Although Pasadena officials say a good chunk of that additional money will buy things such as computers and office equipment that the bonds couldn’t legally fund, some members of the city’s Endowment Advisory Commission have complained that the extra costs were not spelled out in the beginning.
“The voters believed that they were getting a building for $17 million that they’re paying $23 million for now,” said Leigh Rosenberg, chairman of the commission. “I think we may have let them down.”
Not all have been enamored, either, of the building’s historical reference points. Some local architects, for instance, have criticized its arched 50-foot-high tower as an obvious imitation that detracts from the Italian Renaissance dome capping City Hall.
“I believe the building’s a bit overdone . . . and makes too much of a replica-type visual statement,” said Armando Gonzalez, an architect and former member of the city’s Community Development Commission. “It seems to only relate to the past and not enough to the fact that we’re going into the year 2000.”

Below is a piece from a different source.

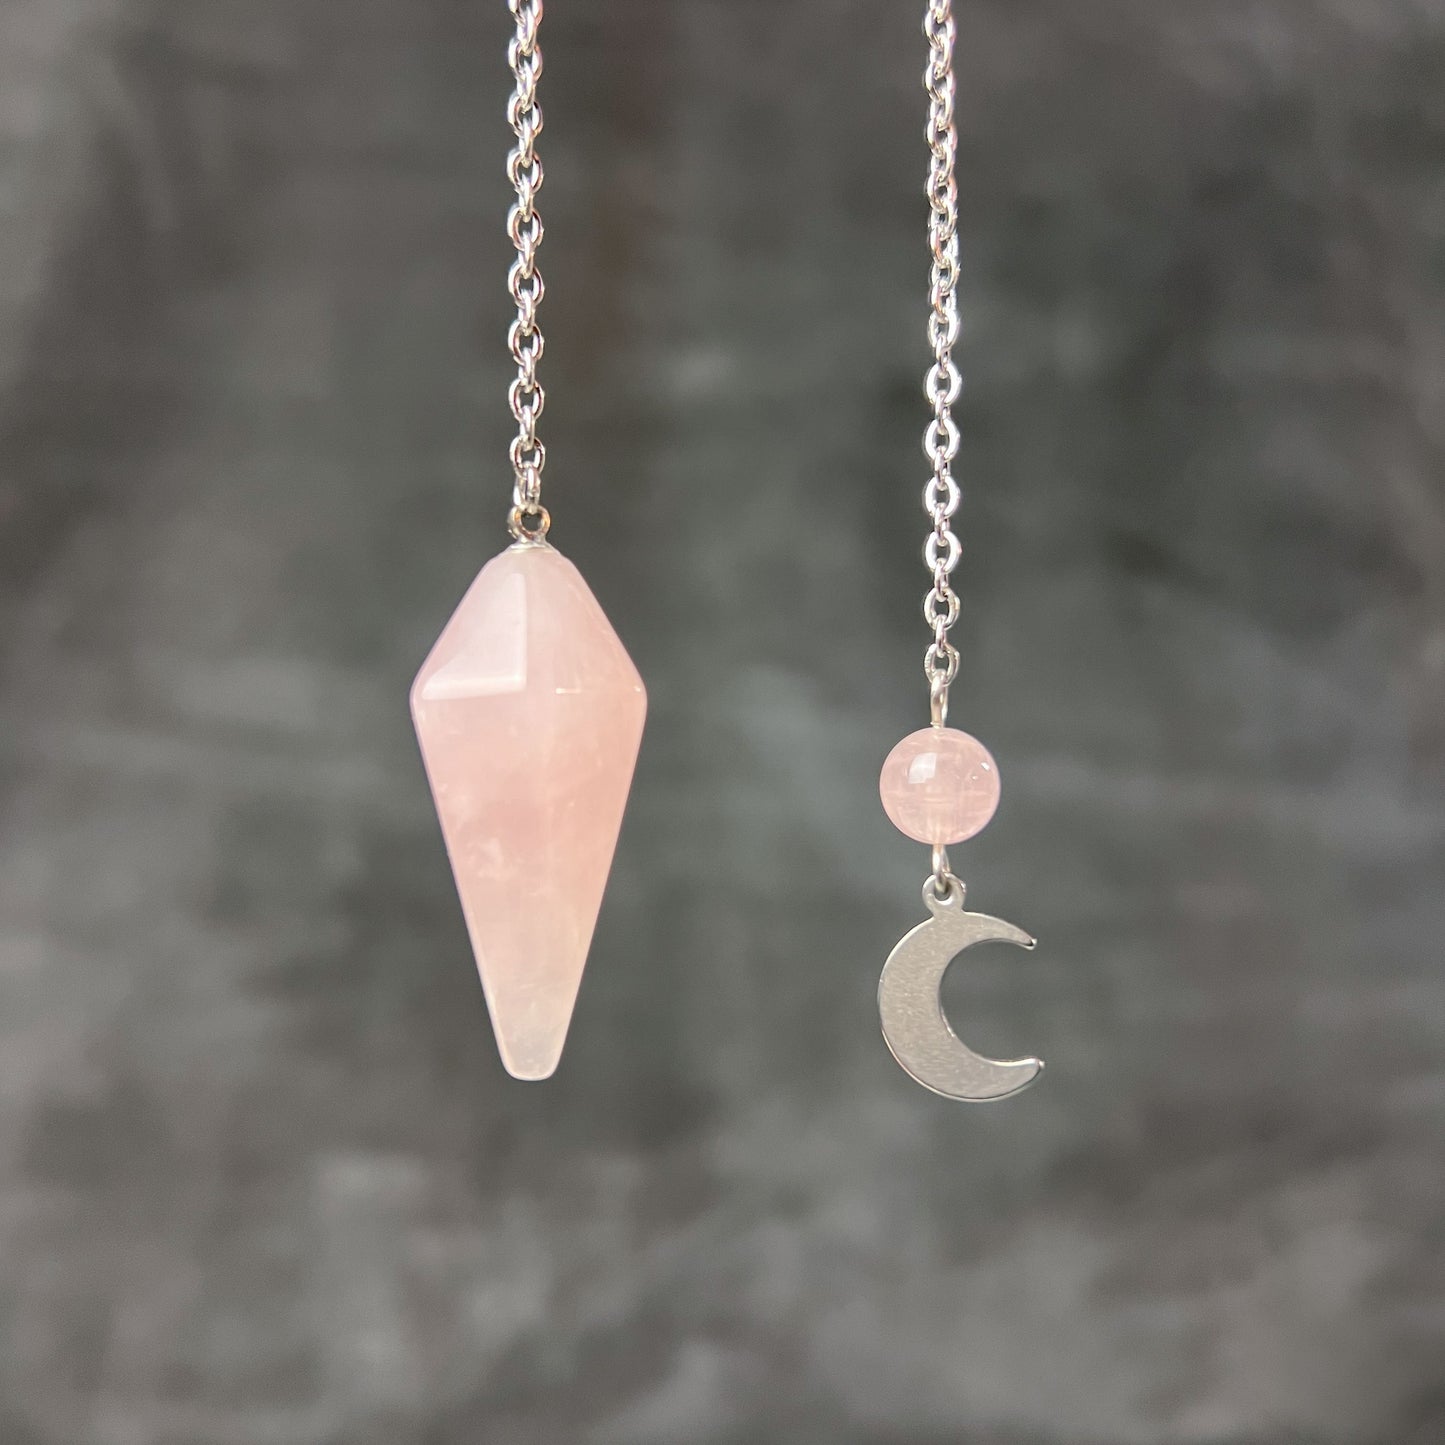 Stainless steel Rose quartz pendulum with a crescent Moon divination tool

But to others, such as Donna Mathewson, a member of the Cultural Heritage Commission and executive director of the local chapter of the American Institute of Architects, the building looks to the future as well.
“It’s going to be a lasting building,” she said. “Being in the civic center, it has to have a certain kind of ambience, feel and look. And I think it has it. Fifty years from now, it will still be handsome.”
When the building’s architect, Robert A. M. Stern, was invited by the AIA chapter to present a slide show of his work last month at Caltech, he was greeted by a crowd of about 200 mostly appreciative colleagues.
Stern, the head of a New York firm that does about $200 million in business a year, has an impressive list of projects to his credit, including an annex to the U.S. Embassy in Hungary, the main personnel center at Disney World in Florida, the Norman Rockwell Museum in Stockbridge, Mass., and a master plan for the Fine Arts Village at UC Irvine.
His work is typified by clean, elegant lines that are more reminiscent of classical structures than the steel-and-mirrored-glass monoliths that tower over most American downtowns.
During his 90-minute talk on Nov. 15, Stern sniped at much modern architecture, which he considers superficial, overly ornamental and completely out of touch with its context.
The new police building, he said, complements the historical feel of downtown Pasadena, as well as fulfilling the people-oriented philosophy that the Police Department seeks to promote.
“We wanted to make a building that was at once an expression of the formidable quality of law, but that also invites people in,” said Stern. “I think we’ve achieved that. . . . It’s a civic building to be proud of.”